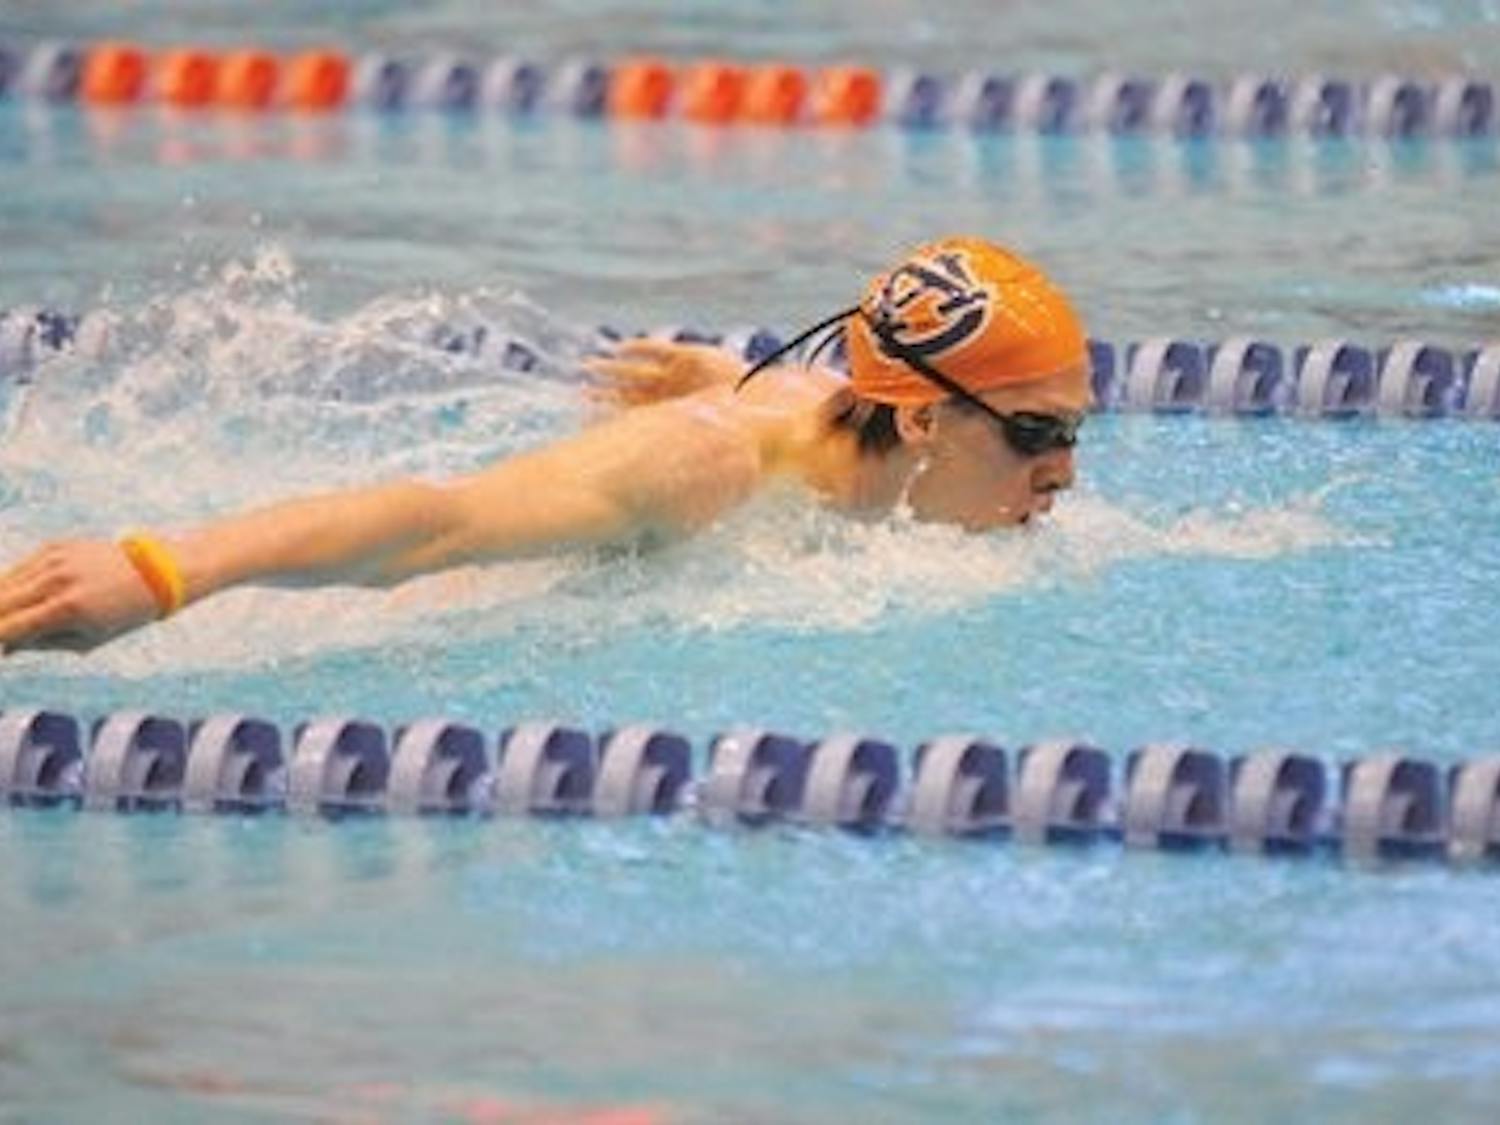 Freshman Zane Grothe swims the butterfly during Sunday's meet against Texas. Grothe finished third in the men's 1000-yard freestyle and finished fourth in the 500-yard freestyle. (Christen Harned / ASSISTANT PHOTO EDITOR)
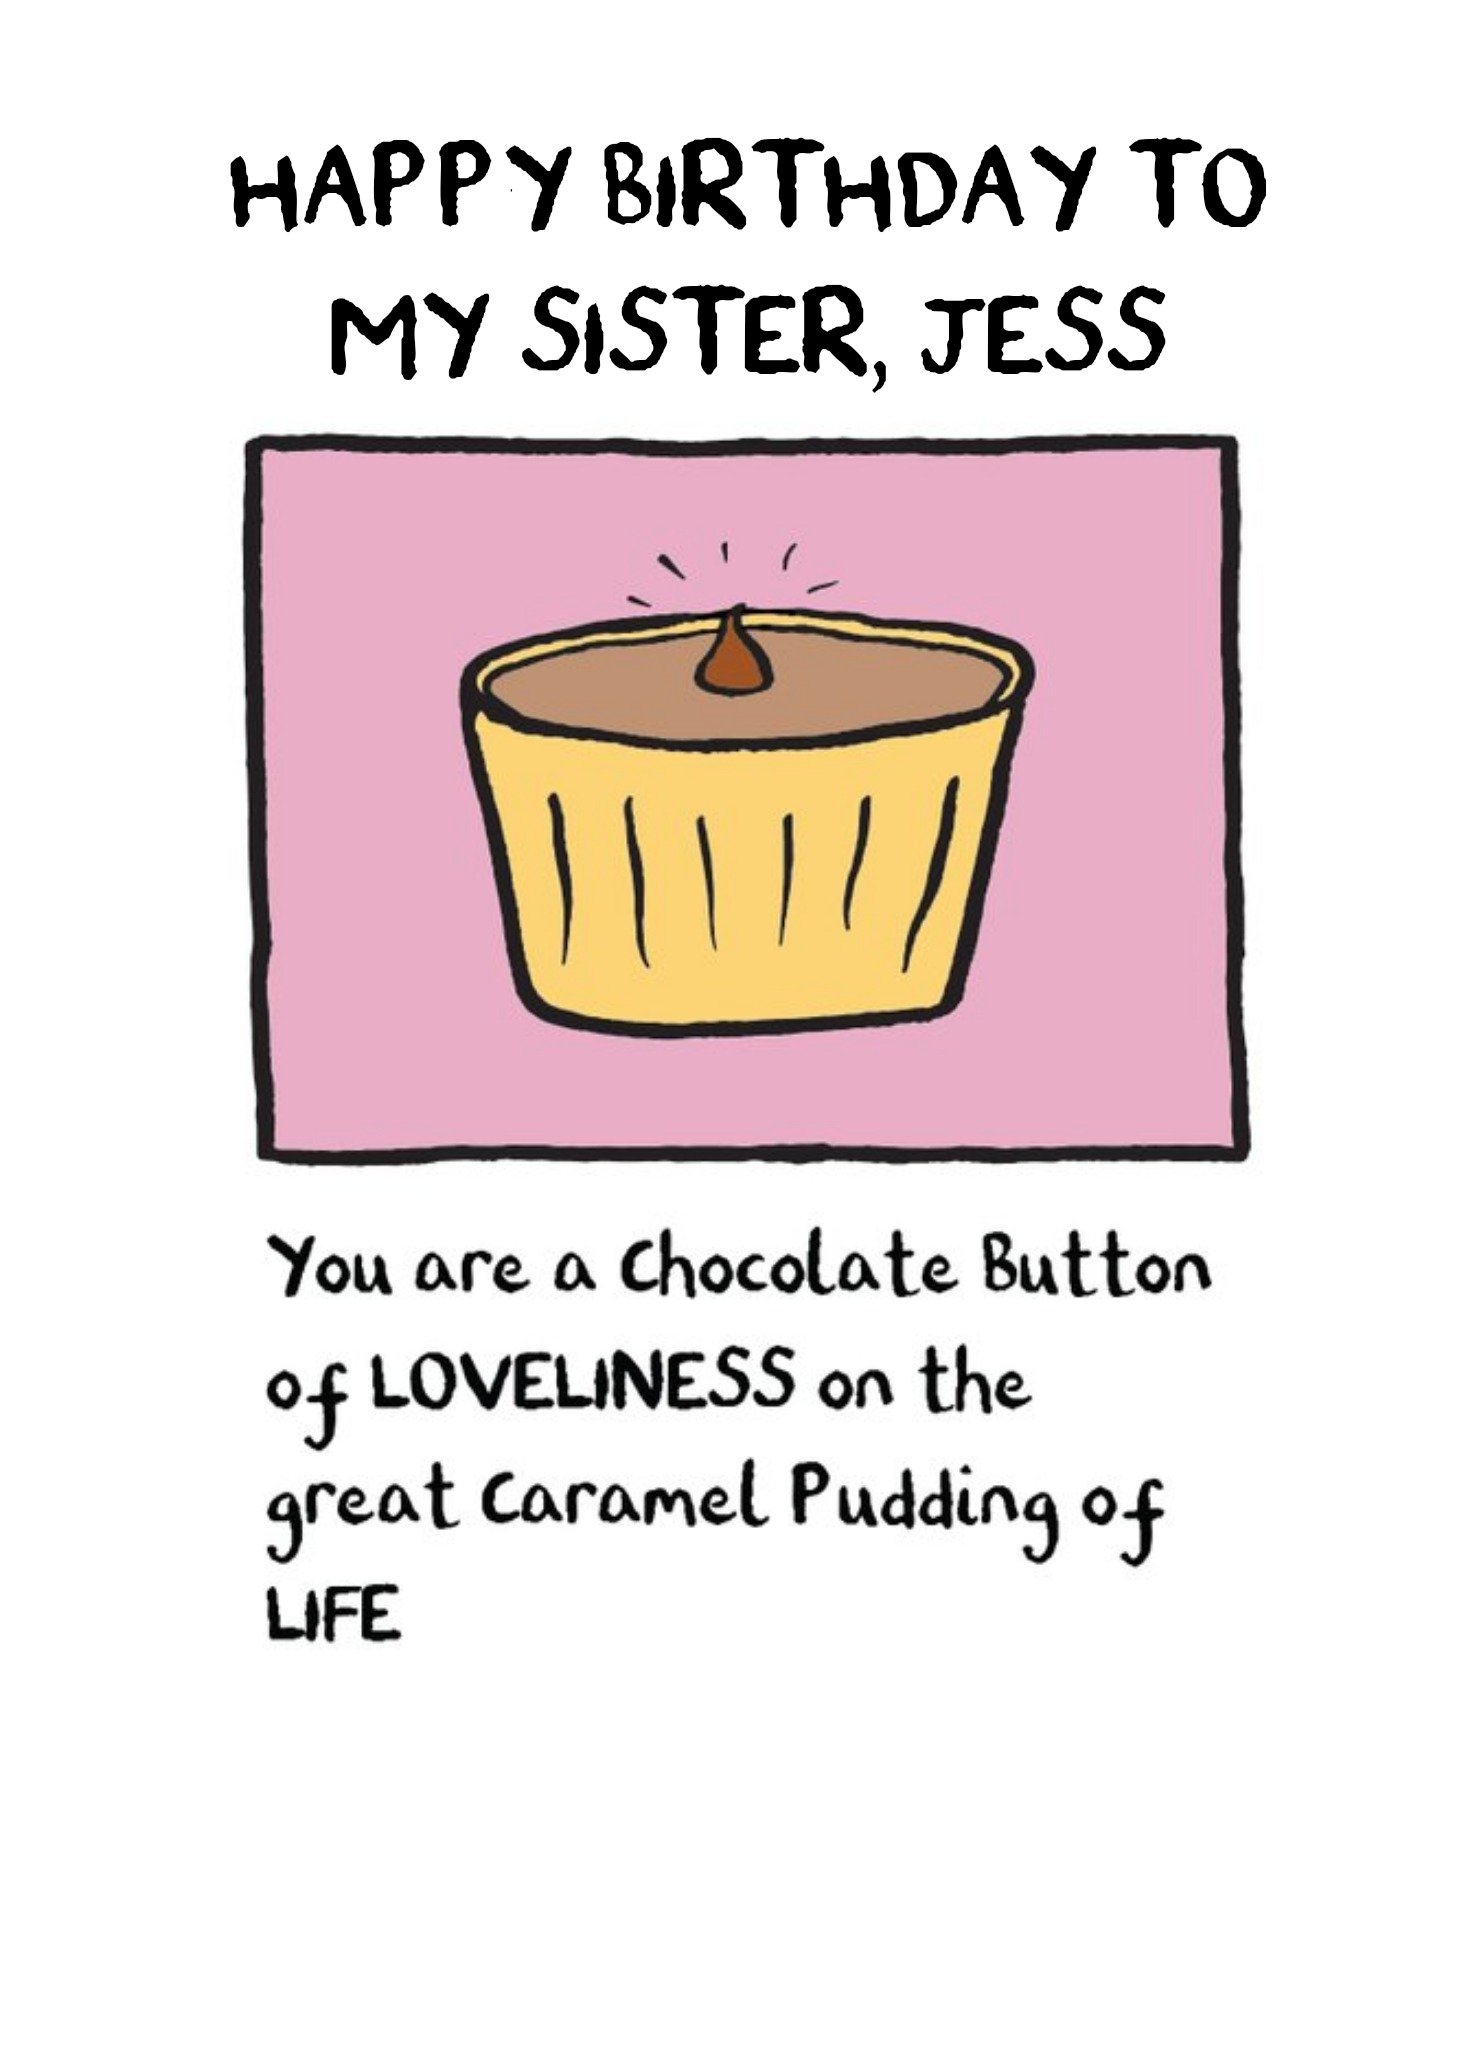 Moonpig Chocolate Button Of Loveliness On The Great Caramel Pudding Of Life Birthday Card For Sister
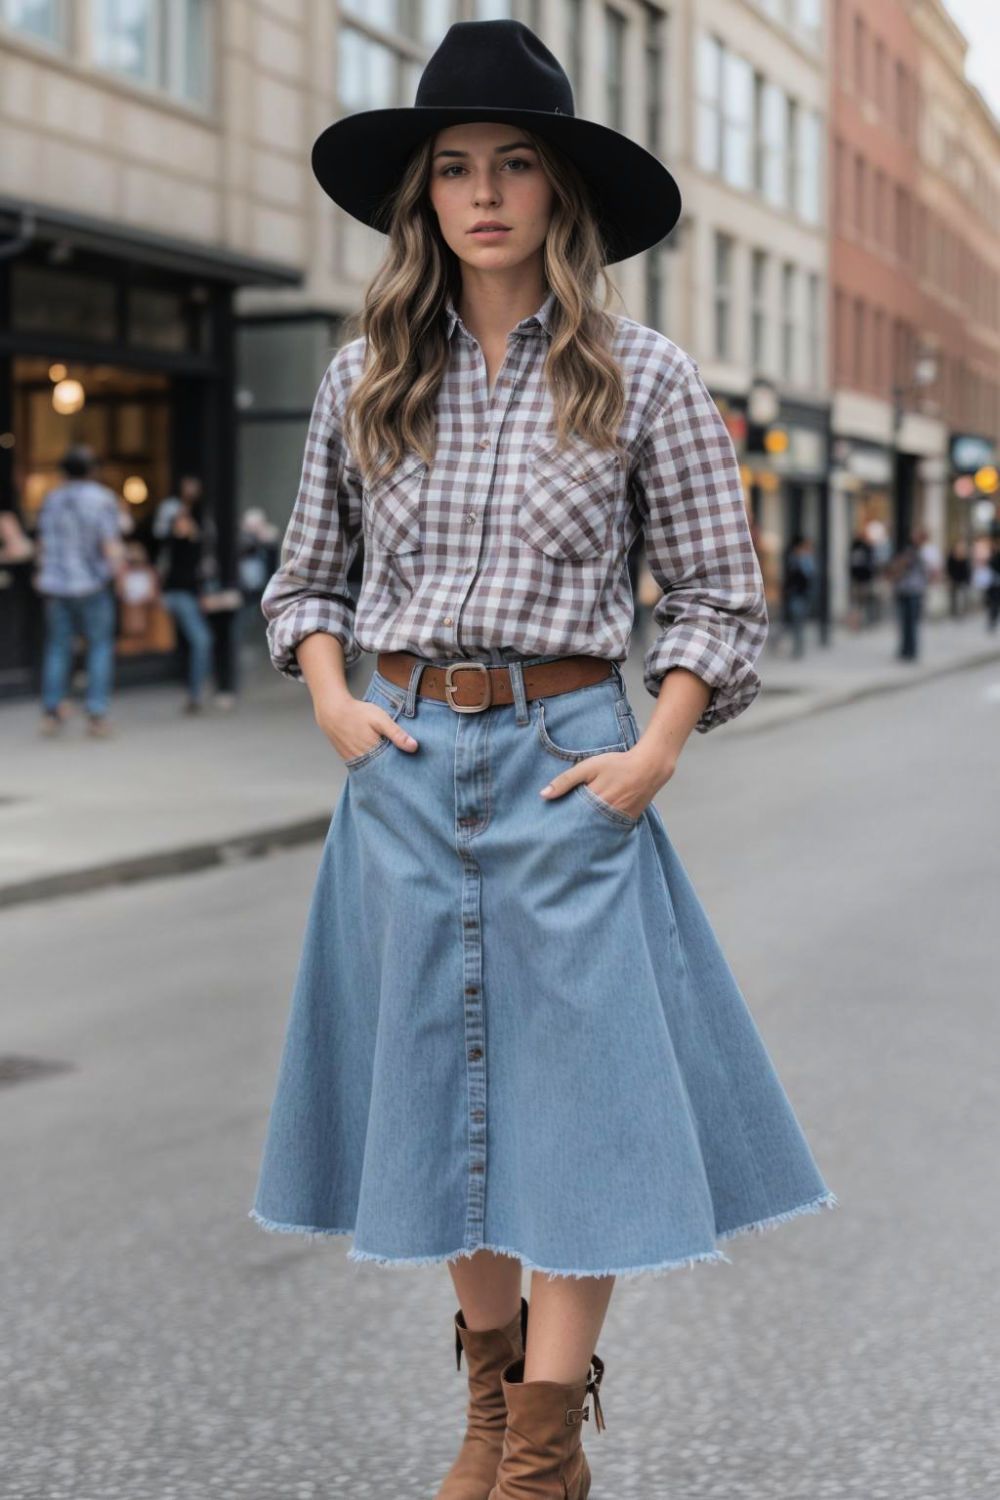 classic denim and plaid for cowgirl

___

YOUR ASSIGNMENT - Pictures do not go in the copy. Write out exactly the lines from the line containing "Moonpig Chocolate Button" through the last line of the listing.

ANSWER SPACE -
 Moonpig Chocolate Button Of Loveliness On The Great Caramel Pudding Of Life Birthday Card For Sister
 classic denim and plaid for cowgirl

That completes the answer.